Gold hit a six-month low this week despite inflation fears rising. Makes perfect sense. Nothing screams "buy hard assets" like watching your hard asset eat shit.
The article blames potential interest rate increases. Not actual rate increases. Potential ones. Gold traders are now pricing in hypothetical future decisions that may or may not happen based on economic data that hasn't been released yet. This is called forward-looking analysis. It's also called making things up.
But the real culprit is faltering technical signals. The charts broke down. A metal that's been a store of value for 5,000 years is now out of favor because a line crossed another line on a screen in the wrong direction. Some guy in Connecticut drew a trendline connecting two arbitrary price points from March and November, gold dropped below it, and now the entire asset class is fucked.
Retail traders who bought gold at $2,400 because Peter Schiff told them the dollar was collapsing are now underwater while inflation actually picks up. They hedged against the exact scenario that's happening and still lost money. That takes skill.

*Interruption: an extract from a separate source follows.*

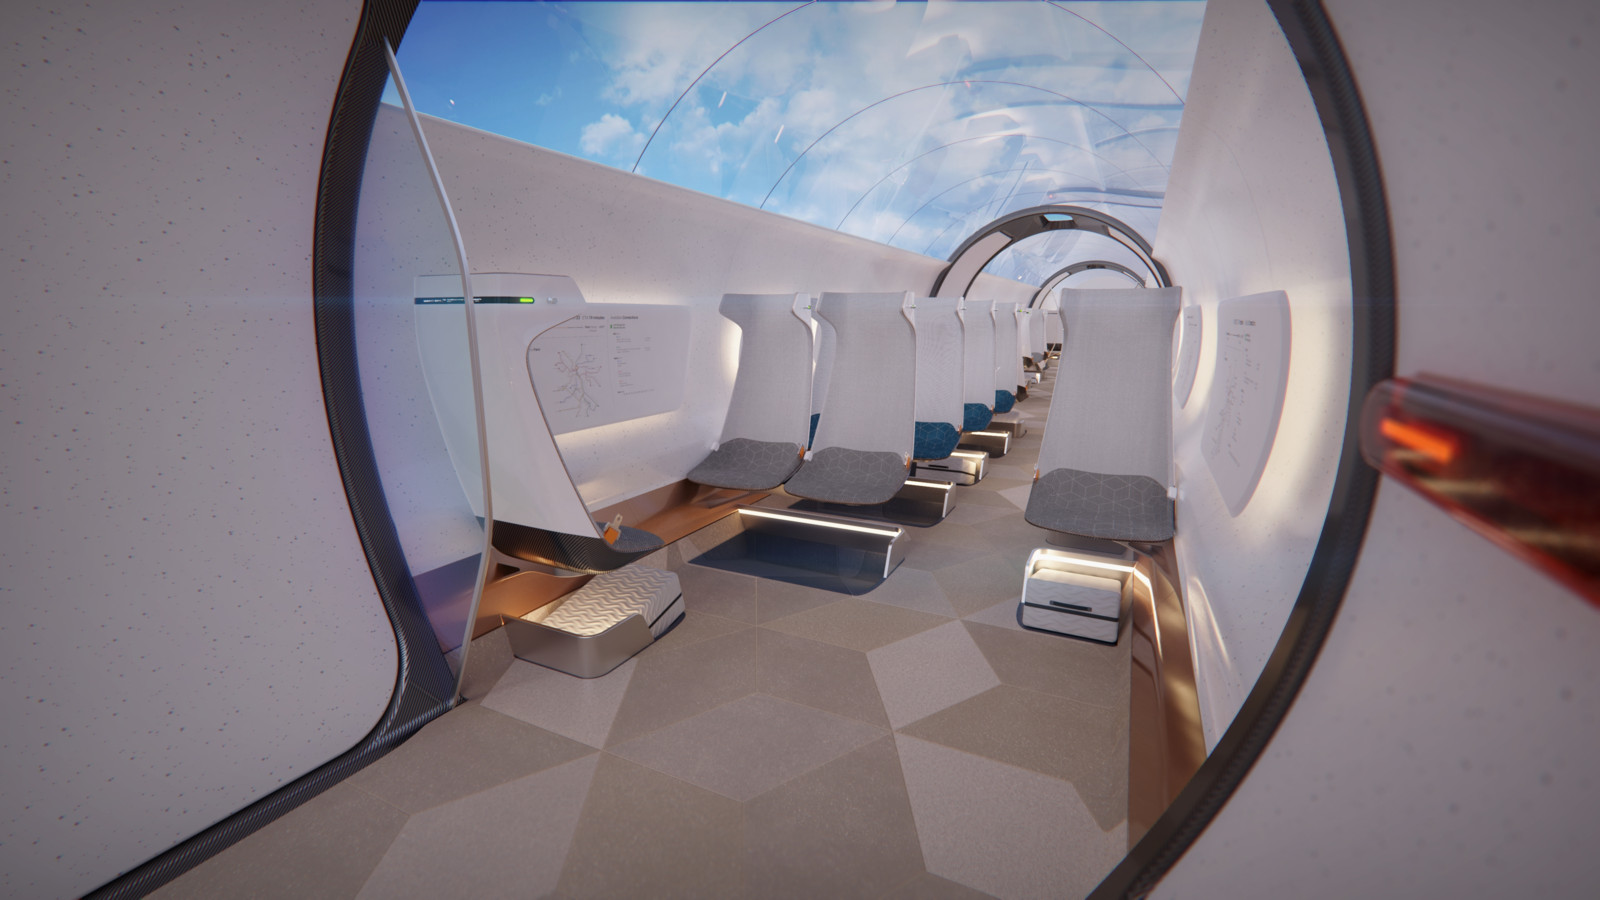 Der Hyperloop ist eine neue Form der Mobilität, die es ermöglicht, Menschen und Fracht in Kapseln schnell und bequem über lange Strecken zu transportieren. 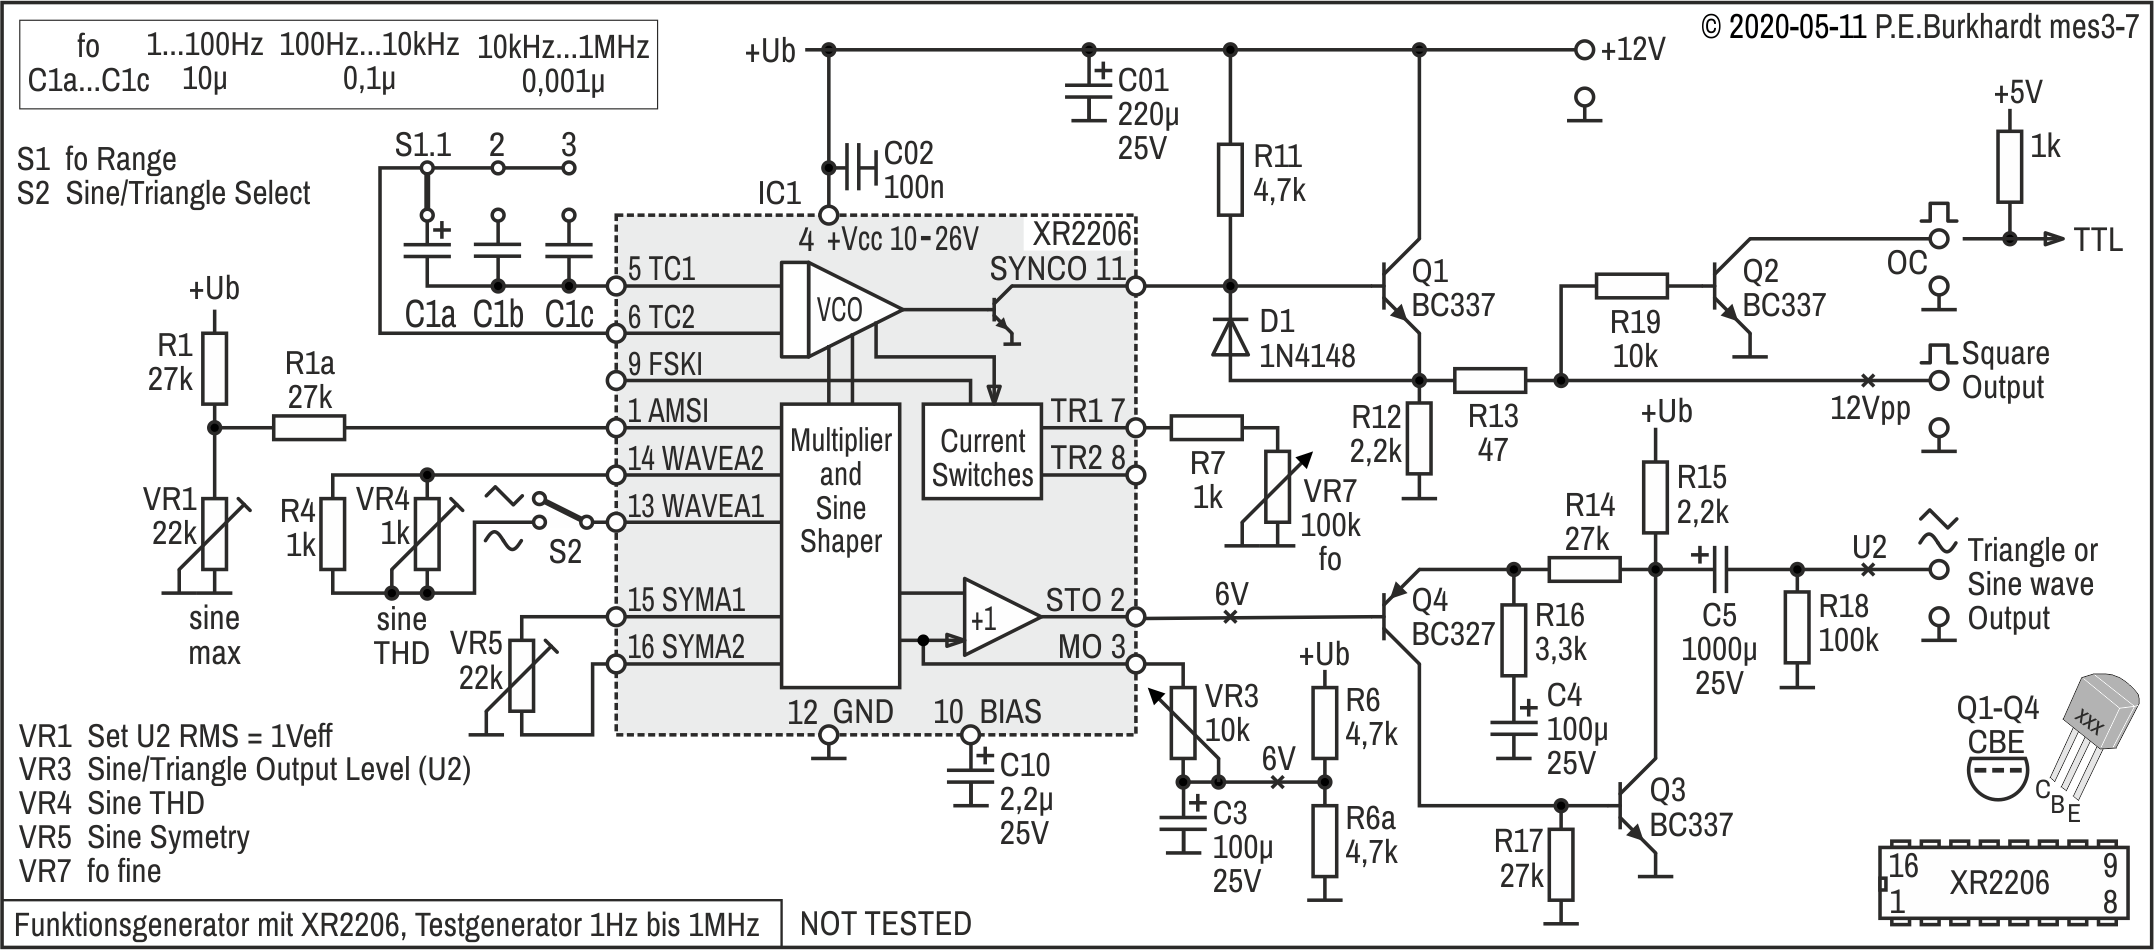 Funktionsgenerator XR2206 (1 Hz bis 1 MHz)

The yellow metal is at its lowest level of the year. Not because supply increased. Not because demand collapsed. Not because someone discovered a gold asteroid. Because the 50-day moving average crossed below the 200-day moving average and a bunch of algorithms decided that meant something.
Inflation fears are rising but bullion is falling. The one thing gold is supposed to do during inflation is go up. It's the only job it has. Gold had one job and it called in sick.
Meanwhile some guy with $8,000 in a Robinhood account just panic-sold his GLD shares at a loss to buy Treasury bonds yielding 3%, which will definitely protect him from the inflation he's so worried about.